[[ Collected material open ]]

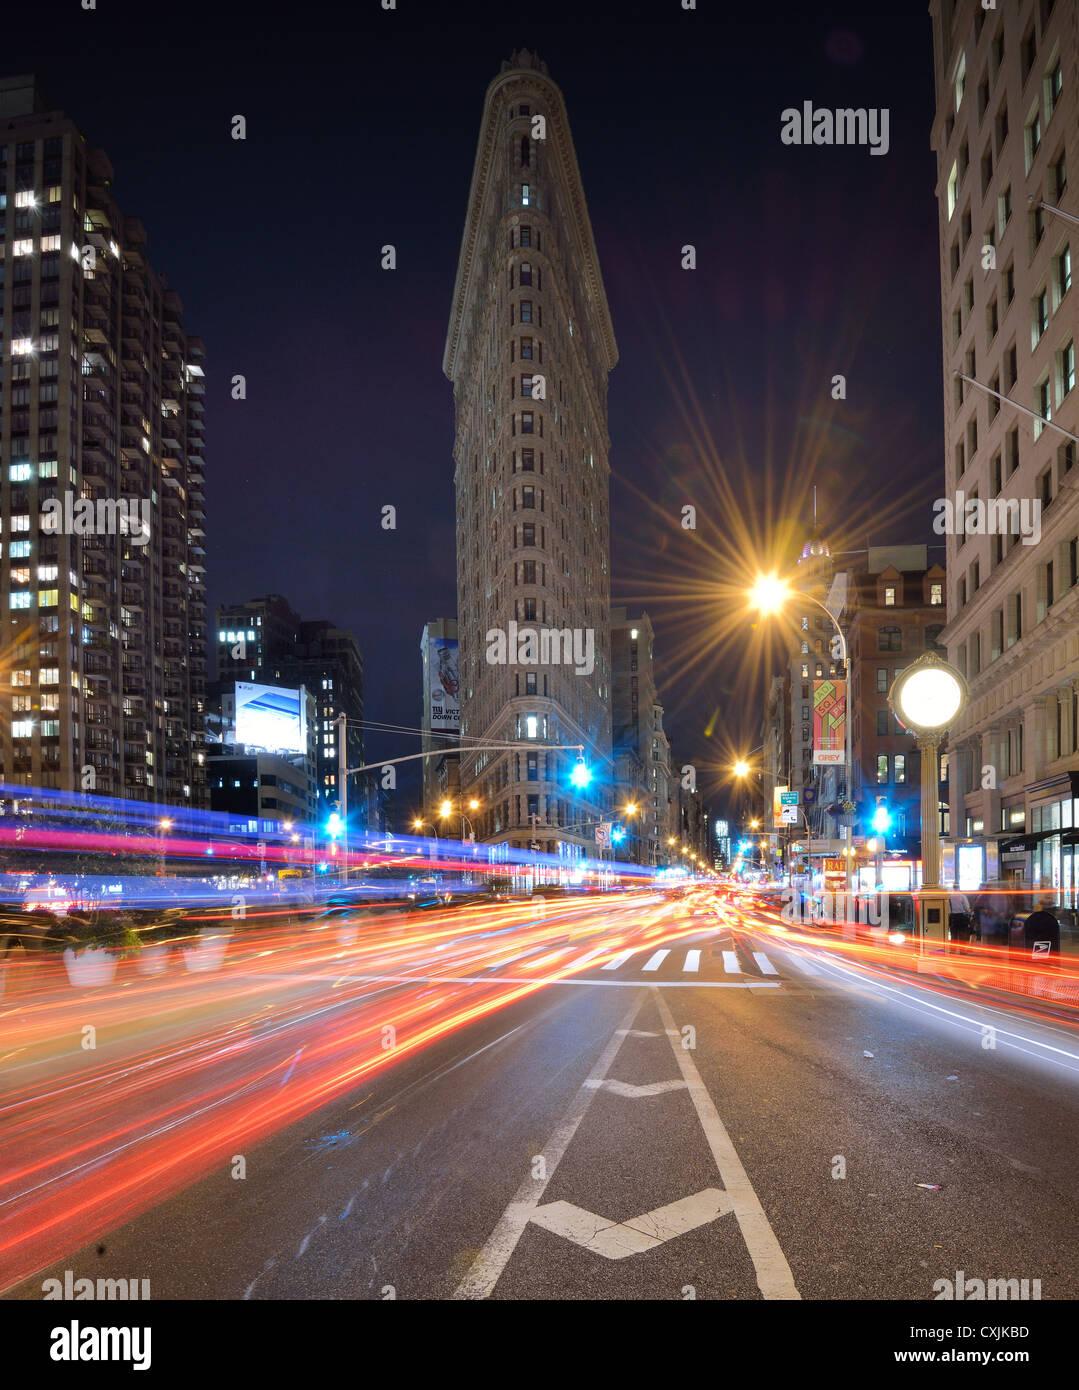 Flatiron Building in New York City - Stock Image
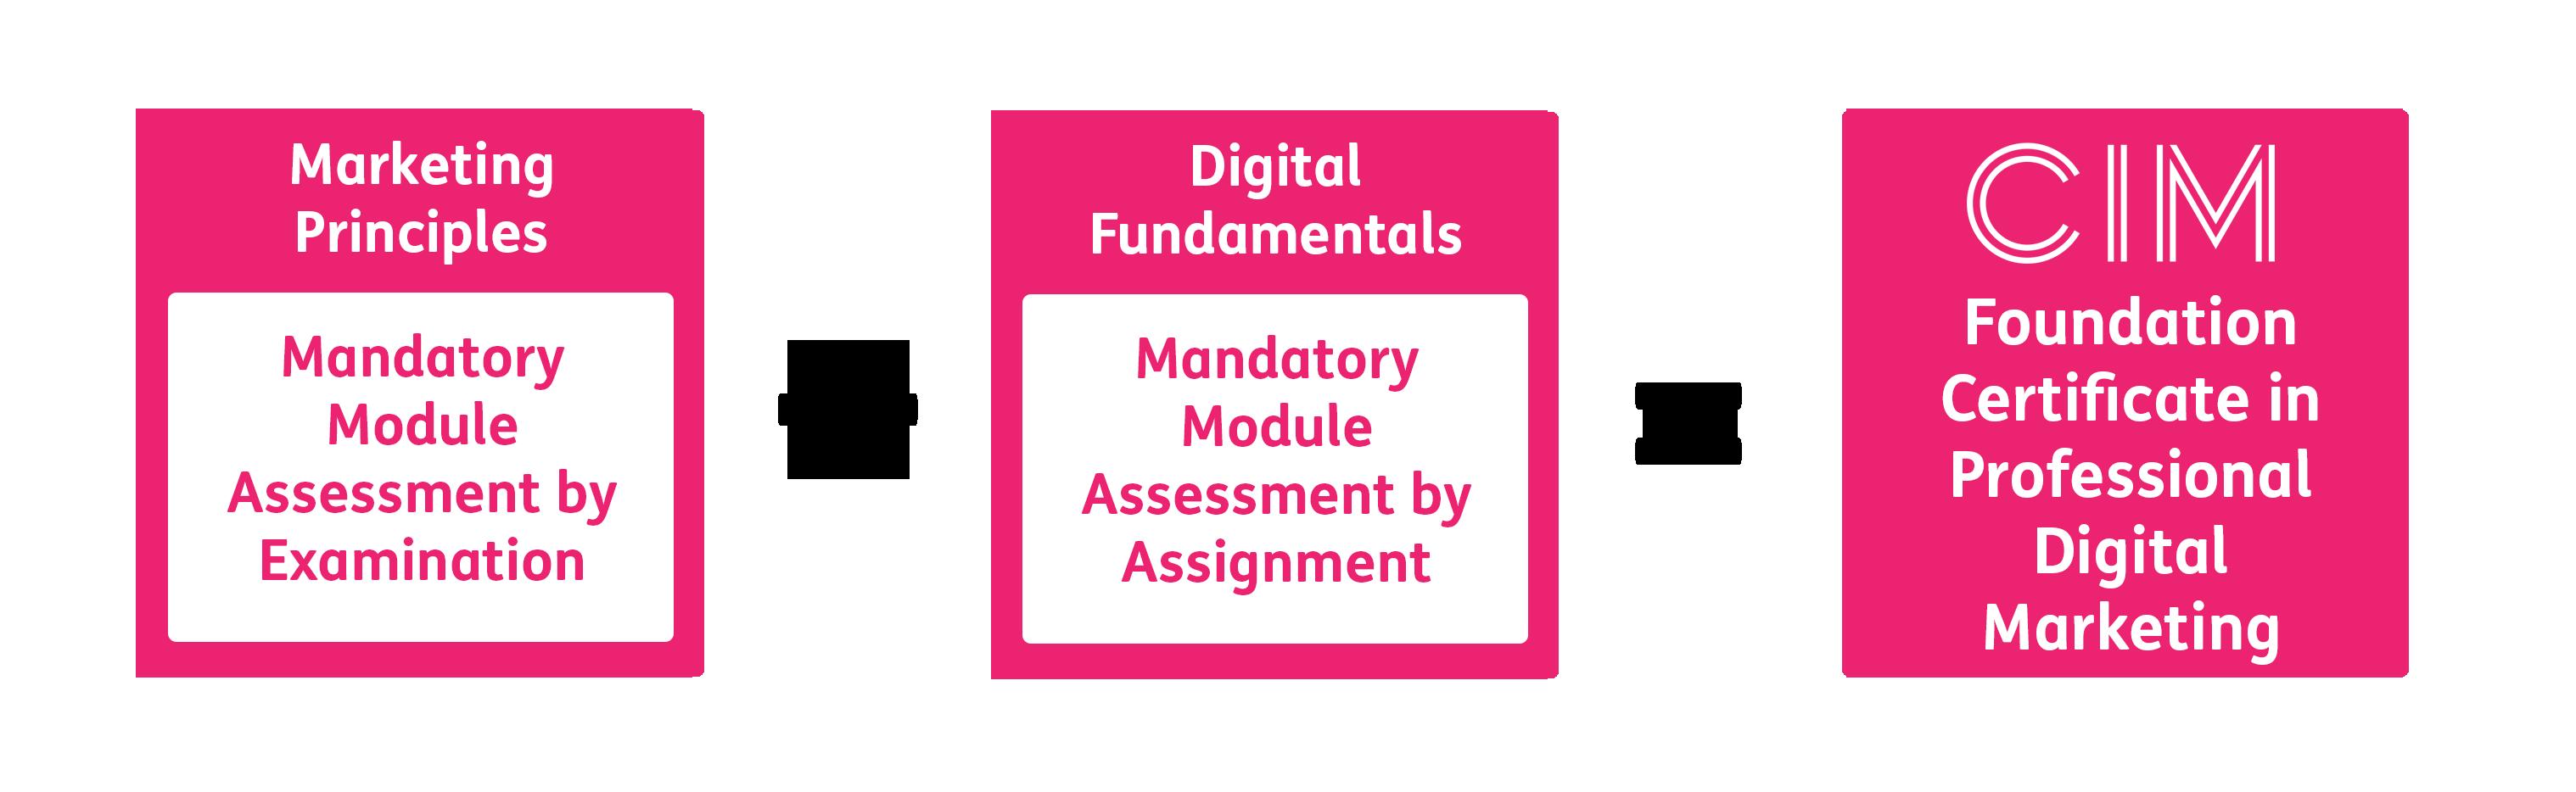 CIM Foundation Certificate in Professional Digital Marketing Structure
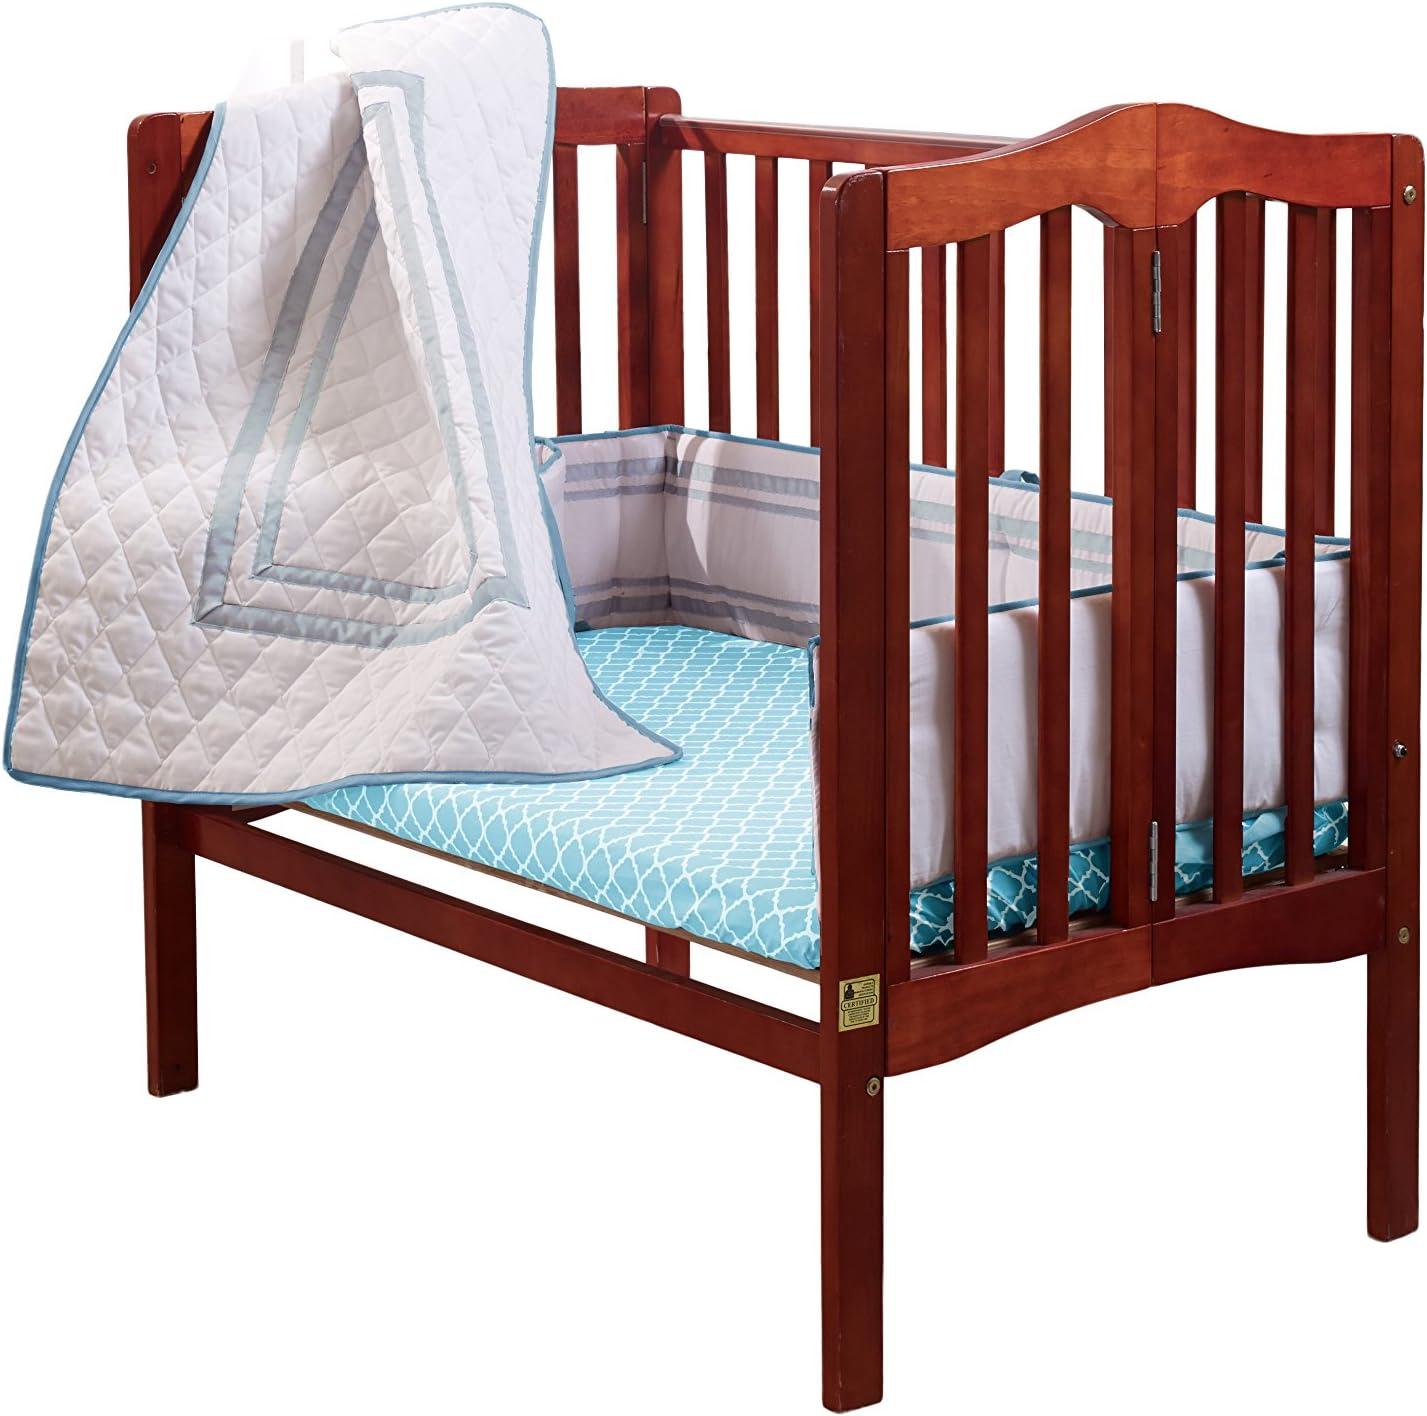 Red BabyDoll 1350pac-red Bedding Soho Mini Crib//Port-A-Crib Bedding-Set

[[ Collected material closed ]]

• Your instructions: The material is to be reproduced verbatim, and no picture may appear in the copy.

• Answer space:
 Flatiron Building in New York City - Stock Image
 CIM Foundation Certificate in Professional Digital Marketing Structure
 Red BabyDoll 1350pac-red Bedding Soho Mini Crib//Port-A-Crib Bedding-Set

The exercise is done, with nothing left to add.